紛れもないミーハー。立派サポーターに比してのクズ。
けれど爺は別扱いとして、
尾亦弘友希の“左足”以来の偏愛なので、
クズと言われたって気にしない。
講釈や啓蒙での“自己実現”なんてどうでもいいし。
そうそう、嫌いなチームにいたエヂムンドだって、
変わることないアイドルであり続けてるわけだし。

ということで、昨晩。
常に奴中心にしか見てないがために、
右へのトラップ段階から、向かってゴール左隅へ、
ボールが吸い込まれていくまでの一部始終を、
目の前で全てしっかり見ることができた時は、
“早く選手交替して出せよ”とイライラしてた、
その10分ぐらい前までとは打って変わって、
ひたすらヘラヘラしてた。
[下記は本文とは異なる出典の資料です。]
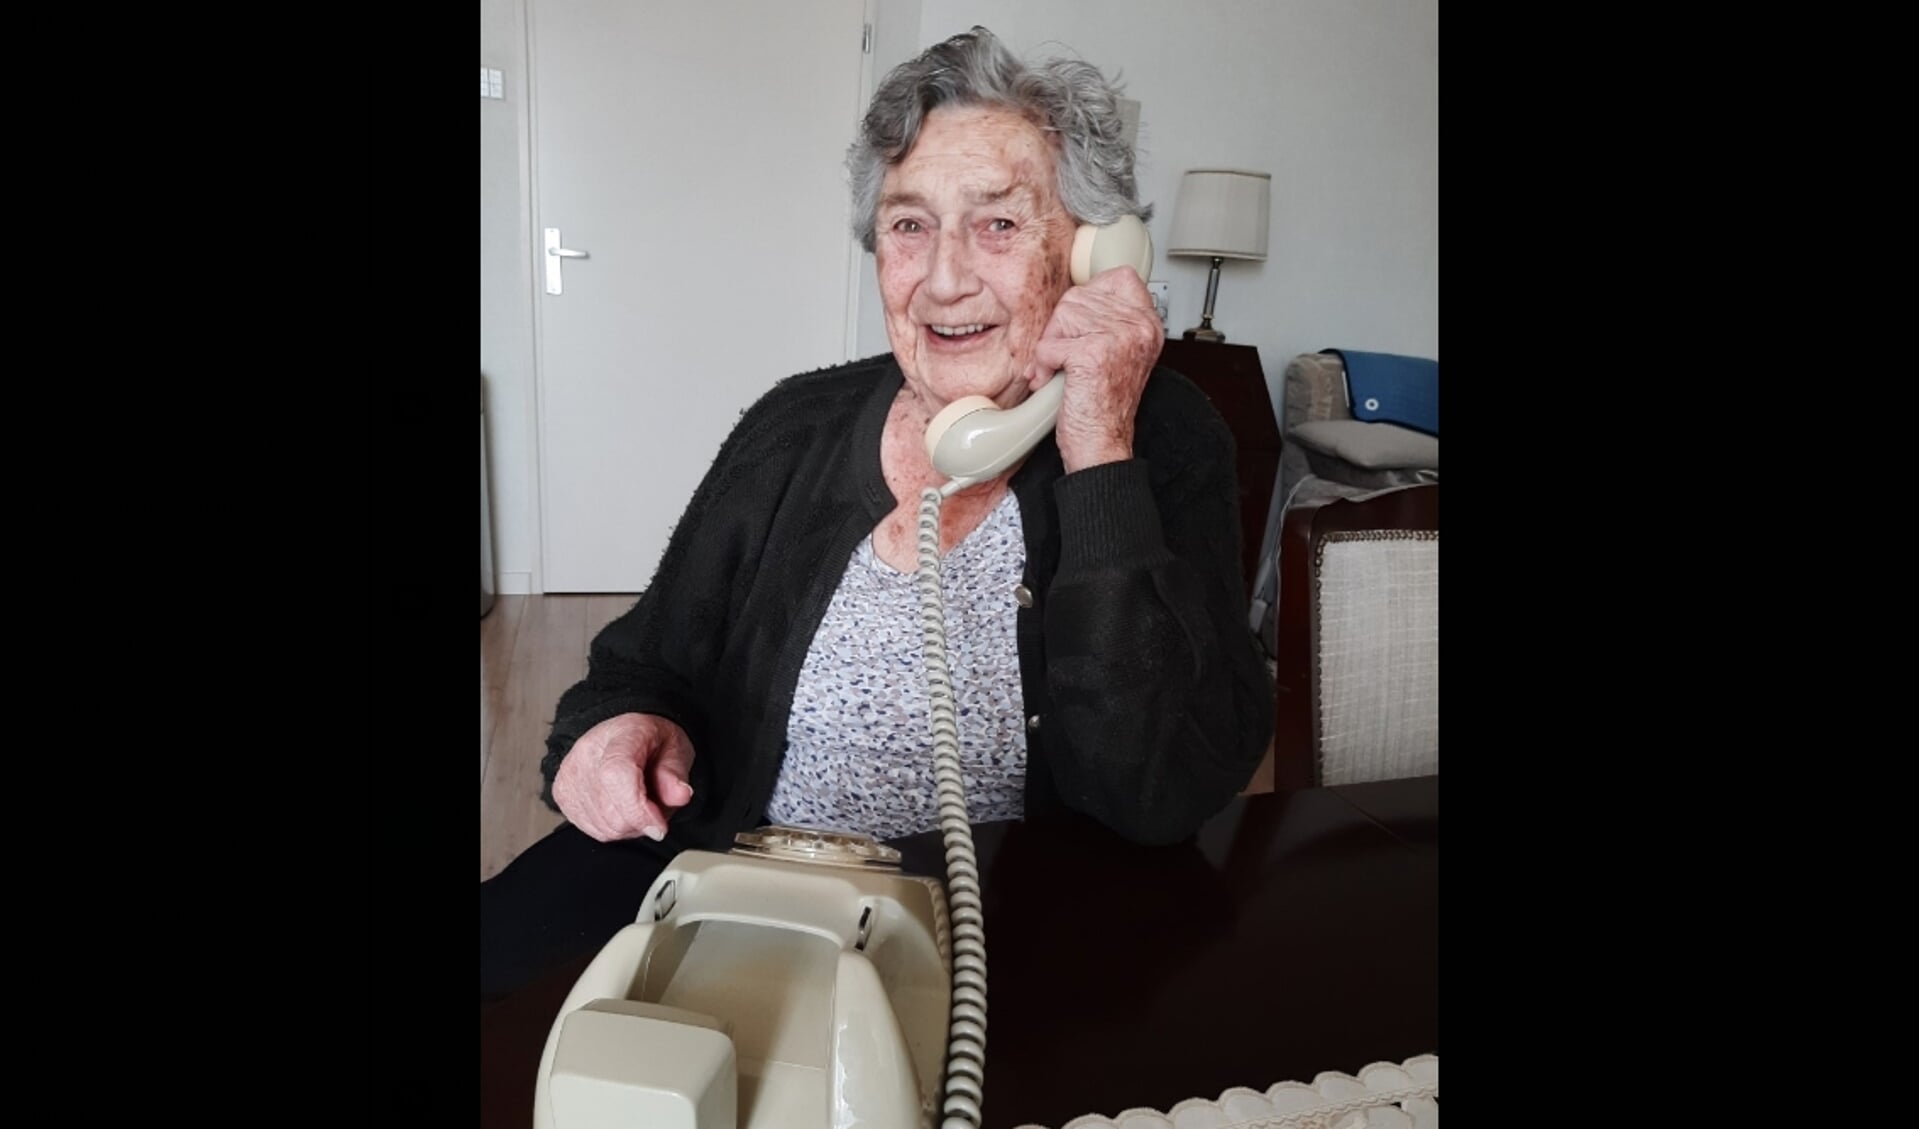 De moeder van Birgitte is zo blij met de Wonderfoon, ze geniet er elke dag van.

らりって。
お立ち台での、
「ゴールできそうな感じがあったんで」も、よし。
“感じ”のない選手は、所詮そういう選手でしかない。

ちなみに、”変“ということで言えば、
誰にでもわかる”変“というのは、“変”ではない。
一見“変”には見えない、ごく普通のところにこそ、
実は大きな“変”があることが多い。
「聖なるものは最も予期せぬ所に侵入する」のである。